### Work task:
The material below holds pictures; leave them out, and copy exactly, and only, the lines from the one with "Unscheduled Patients: the" through the last.

### Dataset content:
---+---

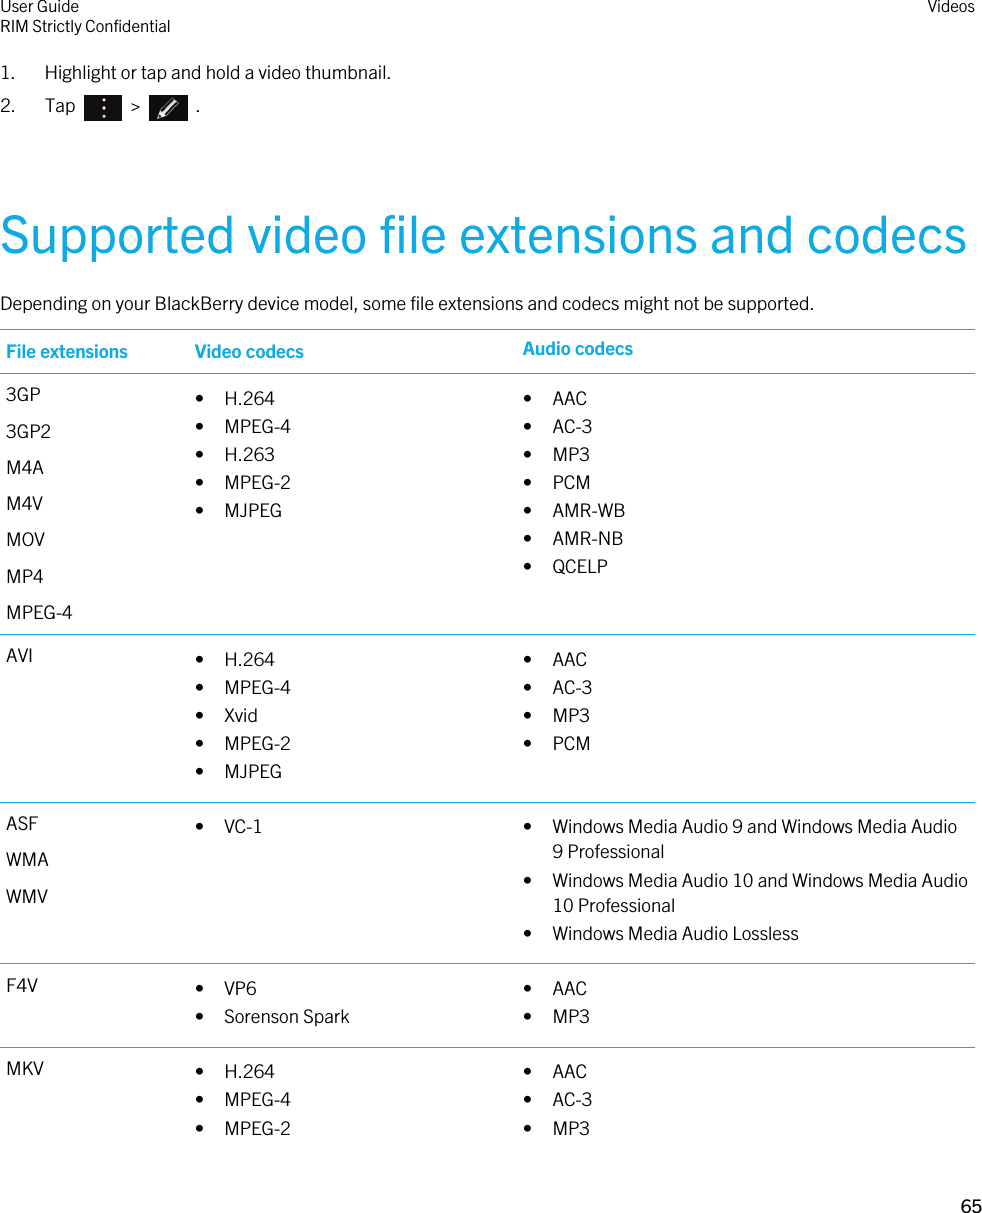 1. Highlight or tap and hold a video thumbnail.2.  Tap    &gt;    .Supported video file extensions and codecsDepending on your BlackBerry device model, some file extensions and codecs might not be supported.File extensions Video codecs Audio codecs3GP3GP2M4AM4VMOVMP4MPEG-4• H.264• MPEG-4• H.263• MPEG-2• MJPEG• AAC• AC-3• MP3• PCM• AMR-WB• AMR-NB• QCELPAVI • H.264• MPEG-4• Xvid• MPEG-2• MJPEG• AAC• AC-3• MP3• PCMASFWMAWMV• VC-1 • Windows Media Audio 9 and Windows Media Audio 9 Professional• Windows Media Audio 10 and Windows Media Audio 10 Professional• Windows Media Audio LosslessF4V • VP6• Sorenson Spark• AAC• MP3MKV • H.264• MPEG-4• MPEG-2• AAC• AC-3• MP3User GuideRIM Strictly ConfidentialVideos65 
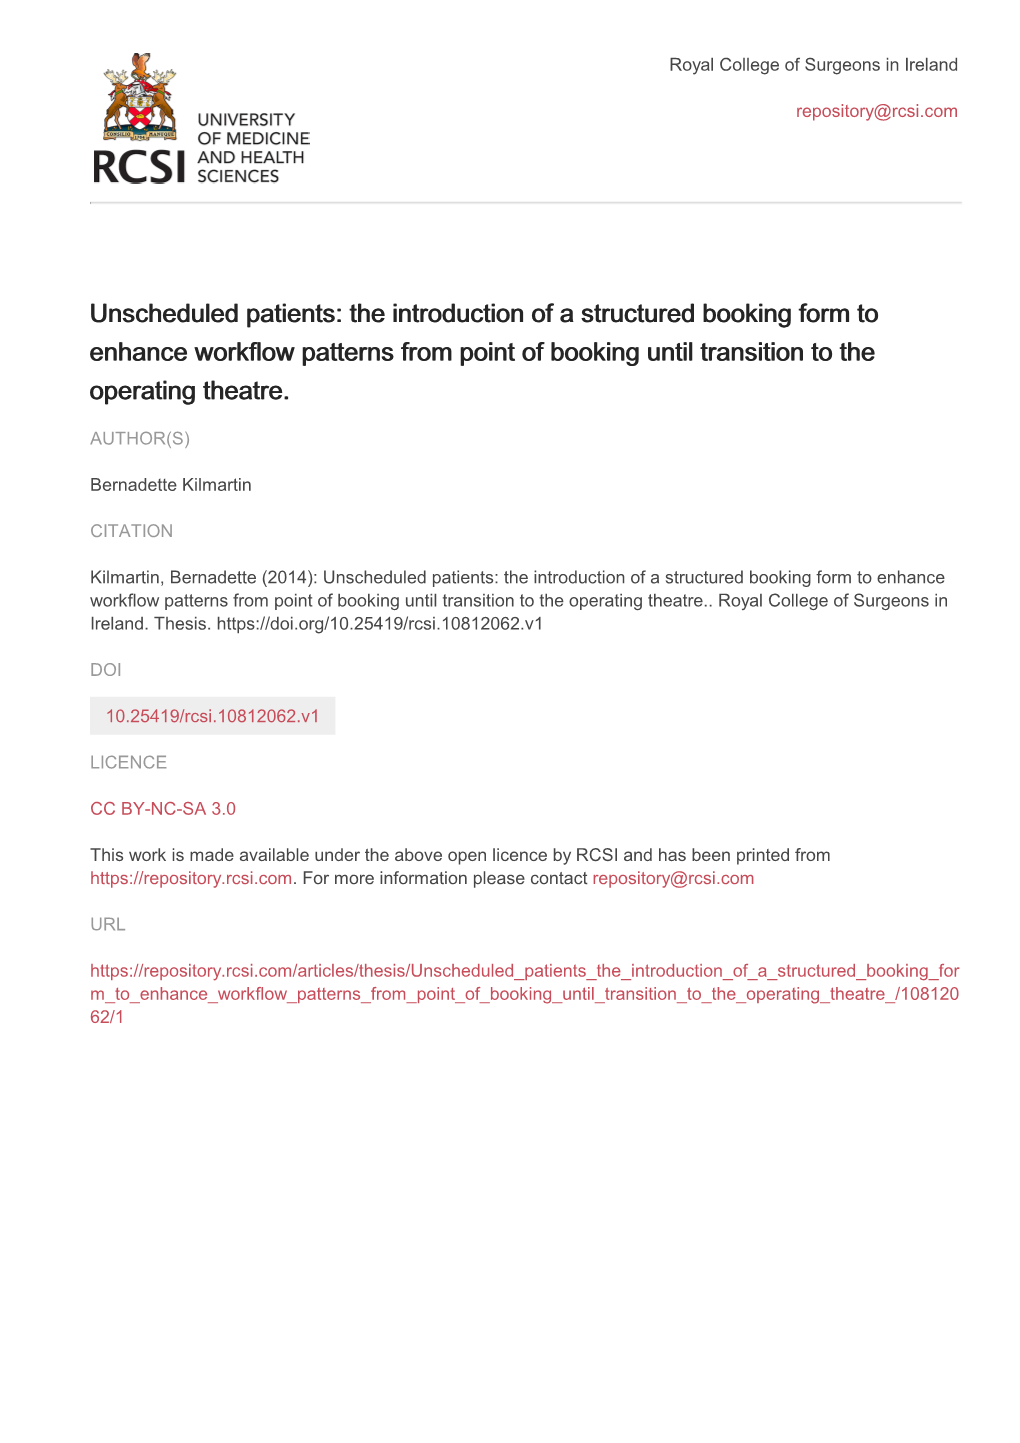 Unscheduled Patients: the Introduction of a Structured Booking Form to Enhance Workflow Patterns from Point of Booking Until Transition to the Operating Theatre
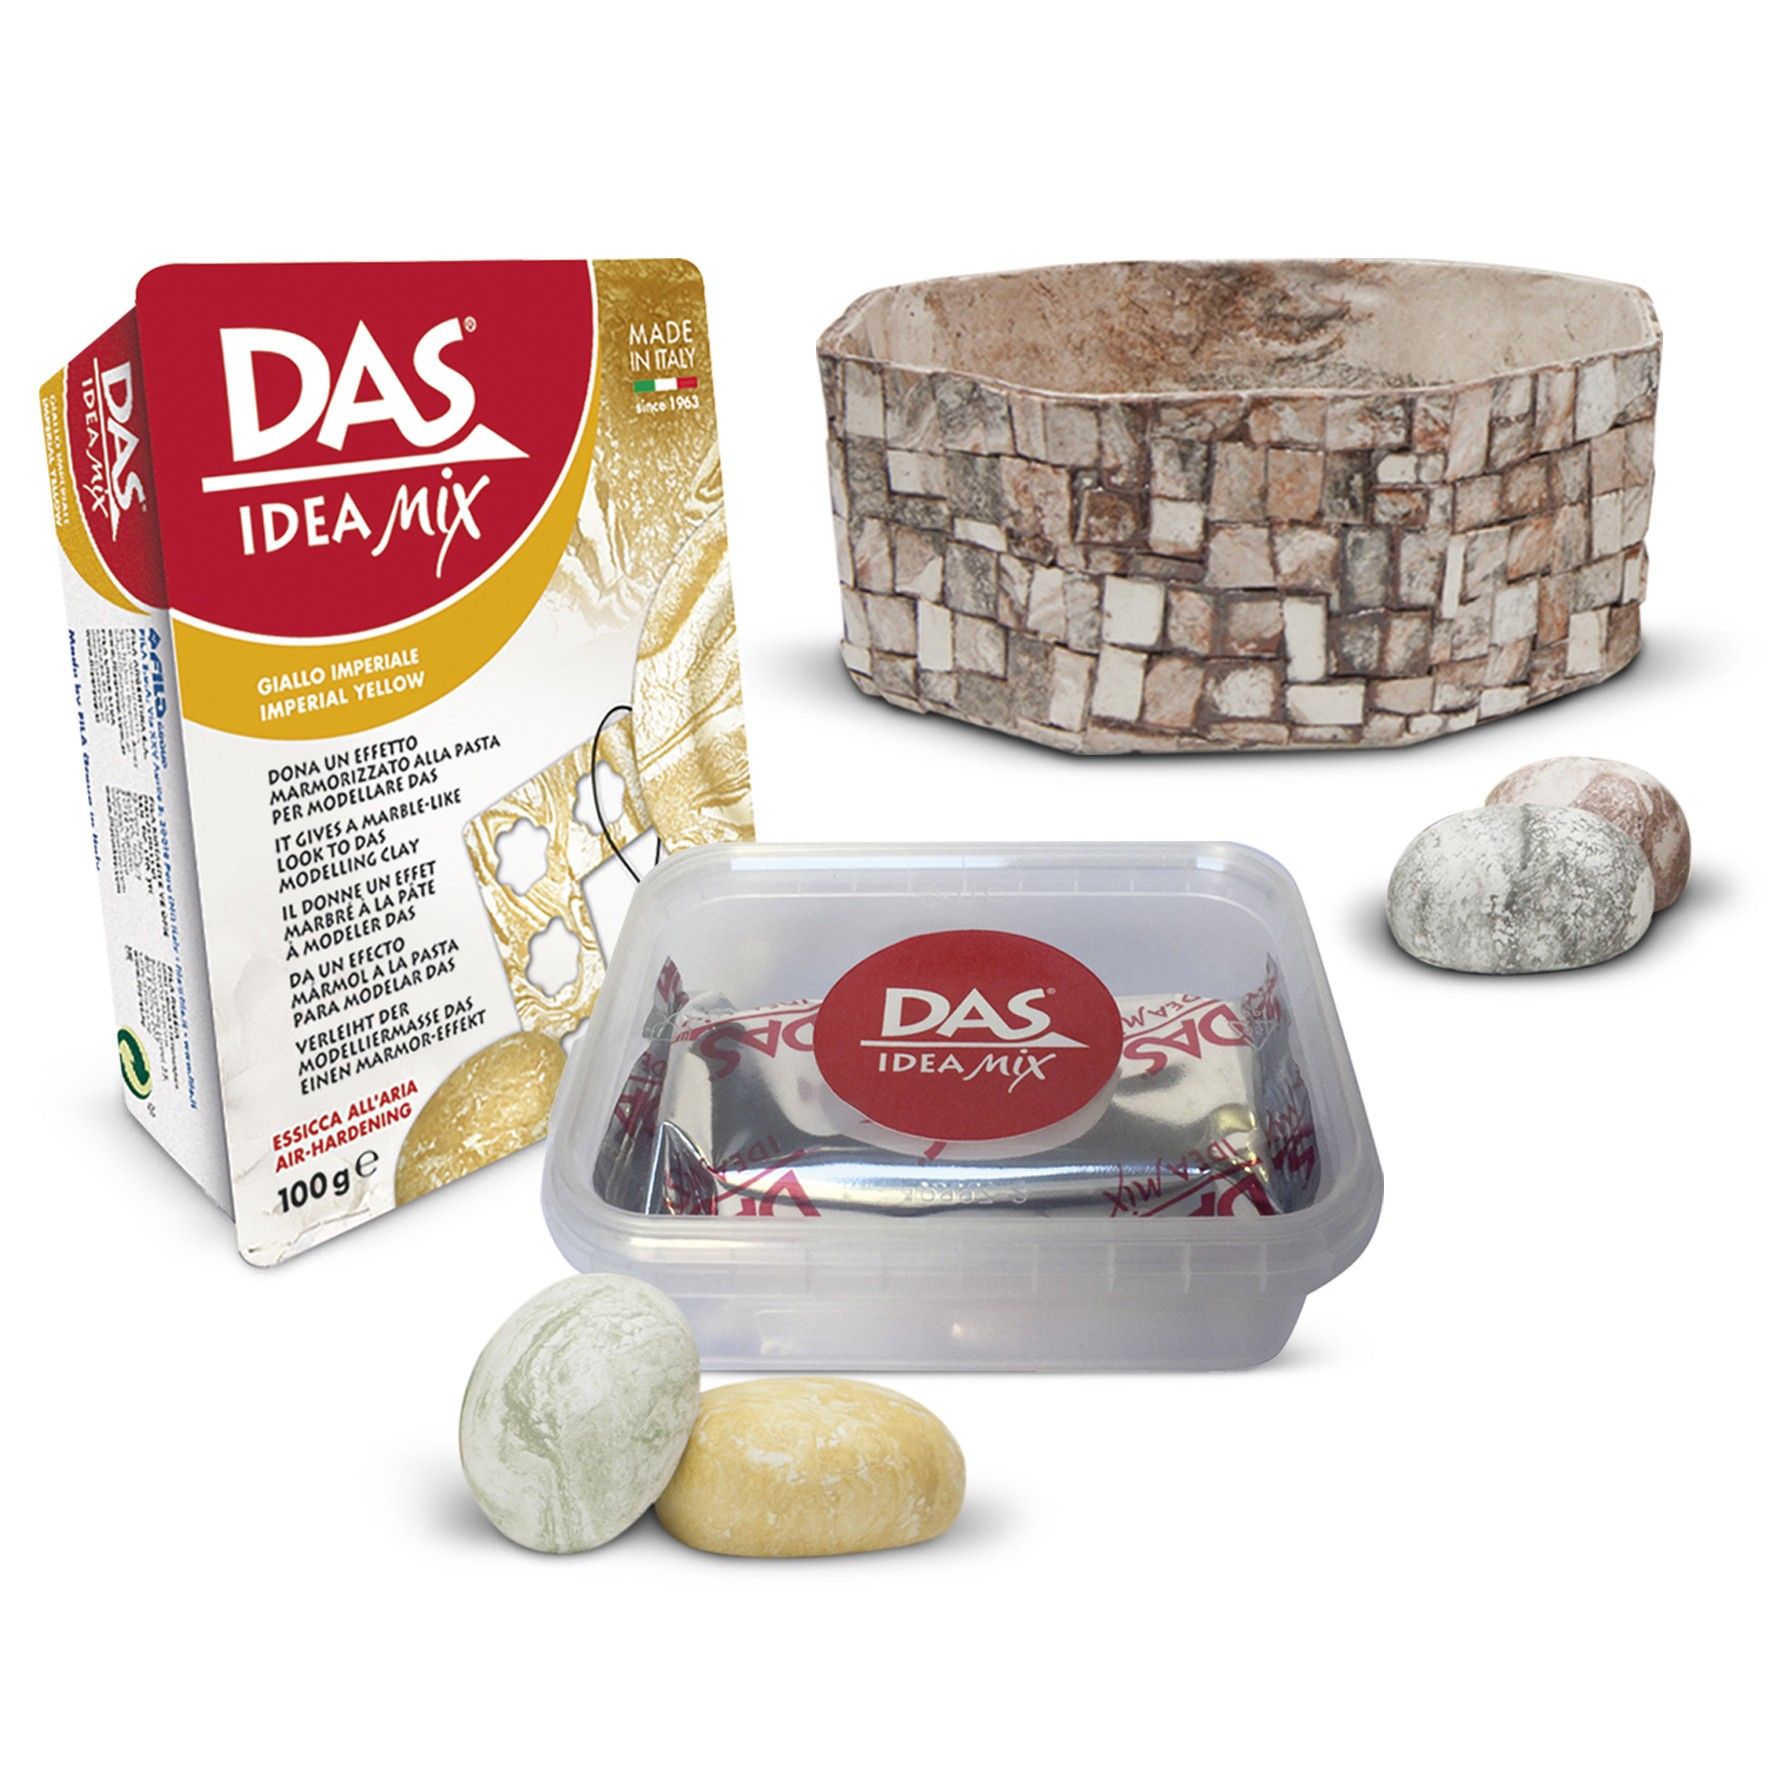 DAS IDEA MIX AIR DRYING MODELLING CLAY CREATE A MARBLE MARBLING EFFECT 100g 
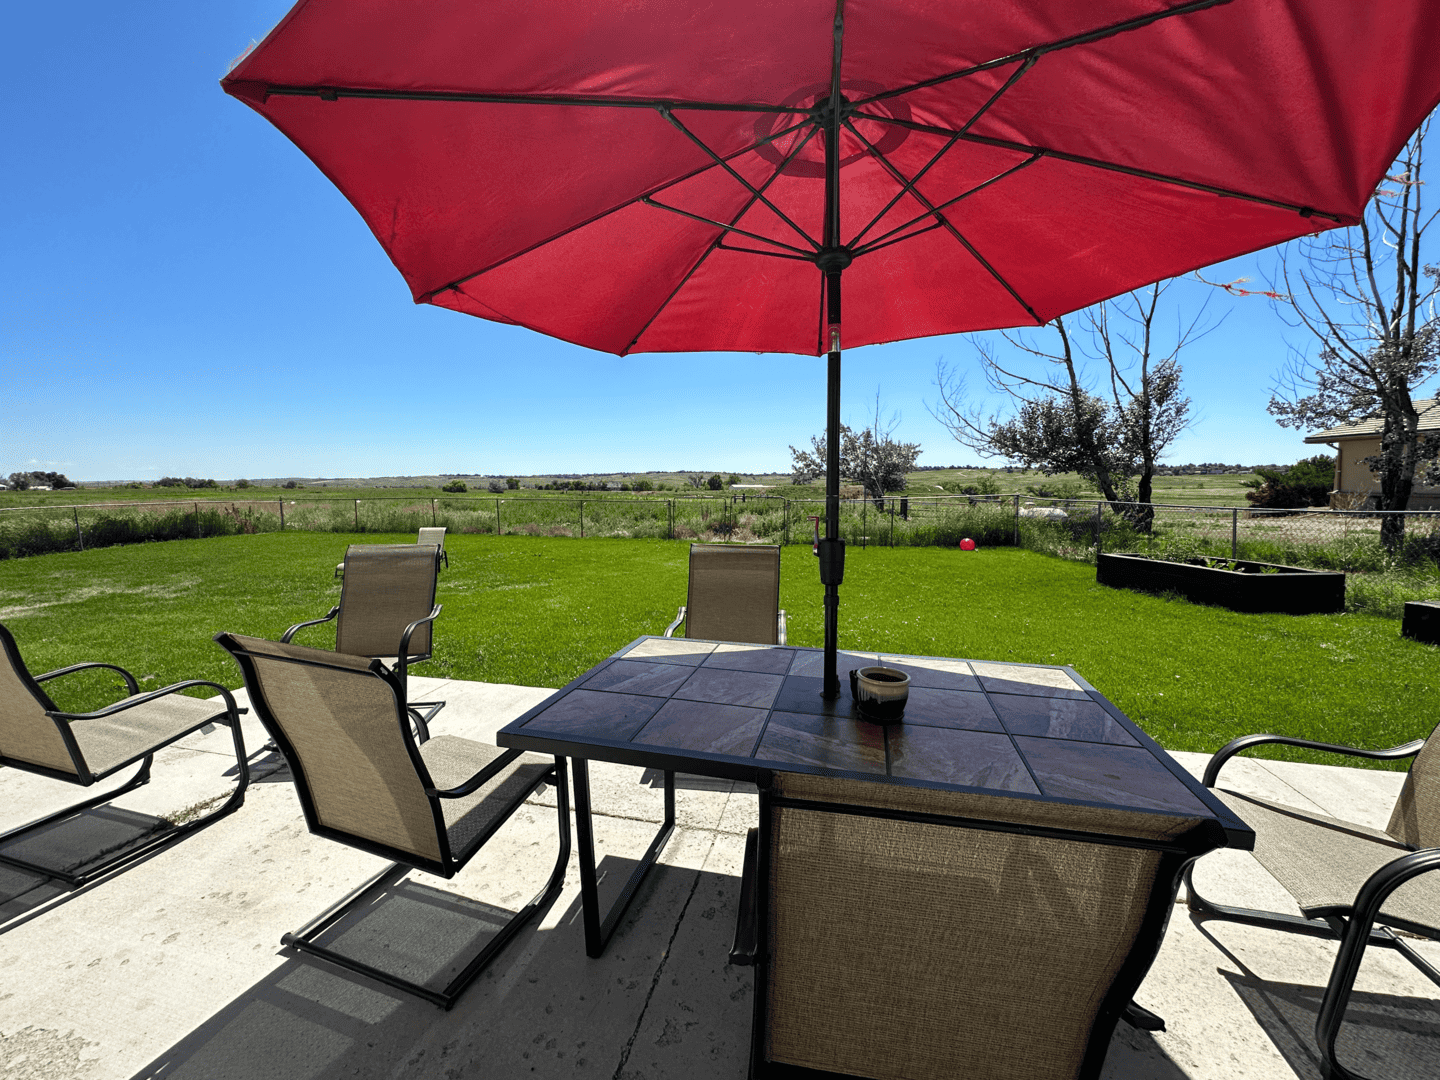 table with red umbrella on outdoor patio

---+---

### Response area:
 Unscheduled Patients: the Introduction of a Structured Booking Form to Enhance Workflow Patterns from Point of Booking Until Transition to the Operating Theatre
 DAS IDEA MIX AIR DRYING MODELLING CLAY CREATE A MARBLE MARBLING EFFECT 100g 
 table with red umbrella on outdoor patio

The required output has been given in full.